IT-Unterstützung zur Nachverfolgung von Corona-Infizierten im Gesundheitsamt Kreis Düren

Die Bewältigung der Corona-Pandemie ist eine Aufgabe, die diejenigen, die auf allen Ebenen unseres Staates Verantwortung tragen, seit nunmehr bald einem Jahr tagtäglich aufs Neue herausfordert. Seit März 2020 sind die Mitarbeiterinnen und Mitarbeiter des Gesundheitsamtes mit Unterstützung von Zeitarbeitskräften und Angehörigen der Bundeswehr für die Nachverfolgung der Kontakte nachweislich Corona-Infizierter verantwortlich. Dabei zeigen alle Beteiligten eine außerordentliche Leistungsbereitschaft und arbeiten mit großem Erfolg bis zur Grenze der Belastbarkeit.
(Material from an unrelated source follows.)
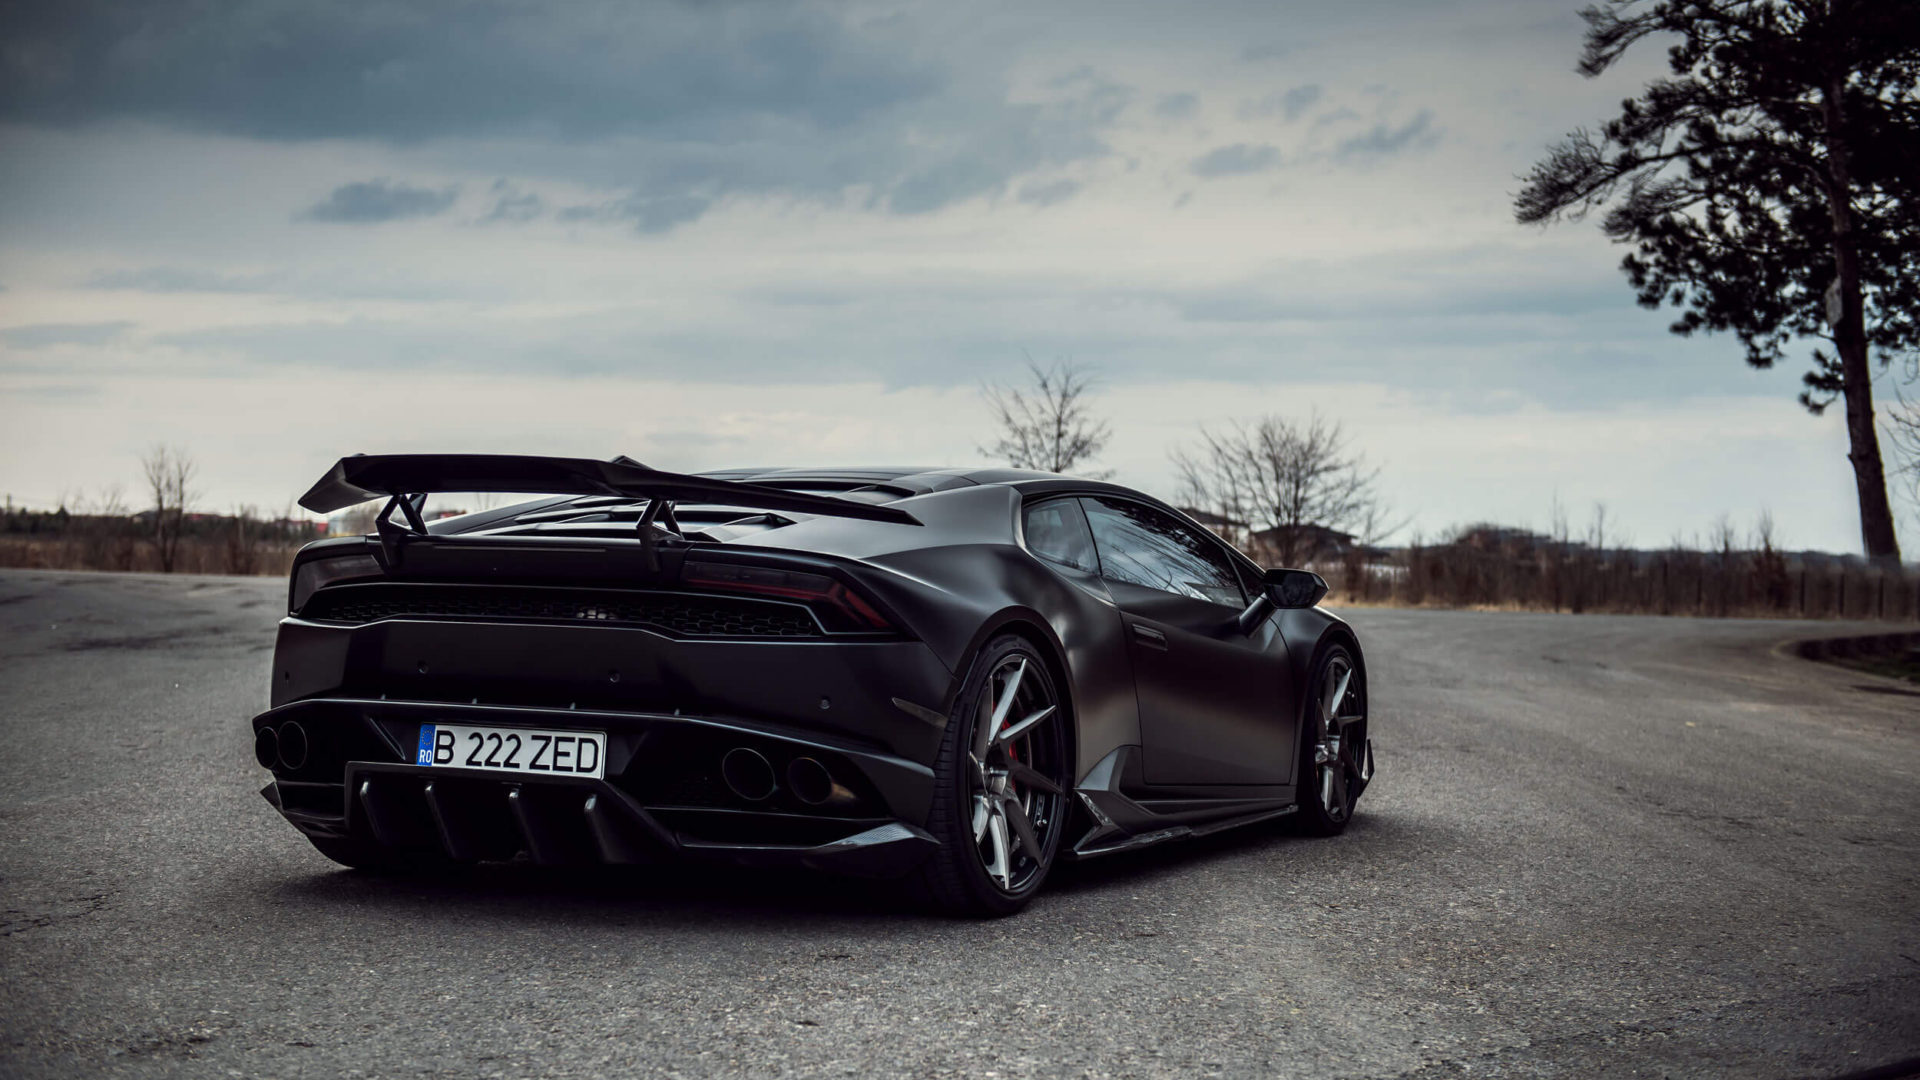 https://img.custom-wheels.de/wp-content/uploads/2019/01/Lamborghini-Huracan-LP-610-4-Felgen-Z-Performance-Wheels-ZP.FORGED-3-Super-Deep-Concave-Brushed-Gunmetal-Gloss-Black-Lip-MD-Exclusive-Cardesign-1-1920x1080.jpg

Wir möchten dem Kreis dafür ausdrücklich unsere höchste Anerkennung aussprechen.

Gleichzeitig ergibt sich aus Gesprächen mit Beteiligten der Eindruck, dass die Arbeit im Kreis Düren im Vergleich zu anderen Kreisen nach wie vor in hohem Grade papierlastig erfolgt und damit aufwändiger ist, als in anderen Kreisen, wo in höherem Maße moderne IT-Infrastruktur, u.a. das von Bund und Ländern empfohlene System SORMAS eingesetzt wird. Eine bestmögliche Systemunterstützung zur Erledigung der notwendigen Arbeiten ist für uns zwingend notwendig. Vor allem gilt es, die Möglichkeiten der Kontaktnachverfolgung so zu stärken und auszustatten, dass die Maßnahmen schnellstmöglich umgesetzt und somit die Infektionsketten unterbrochen werden können.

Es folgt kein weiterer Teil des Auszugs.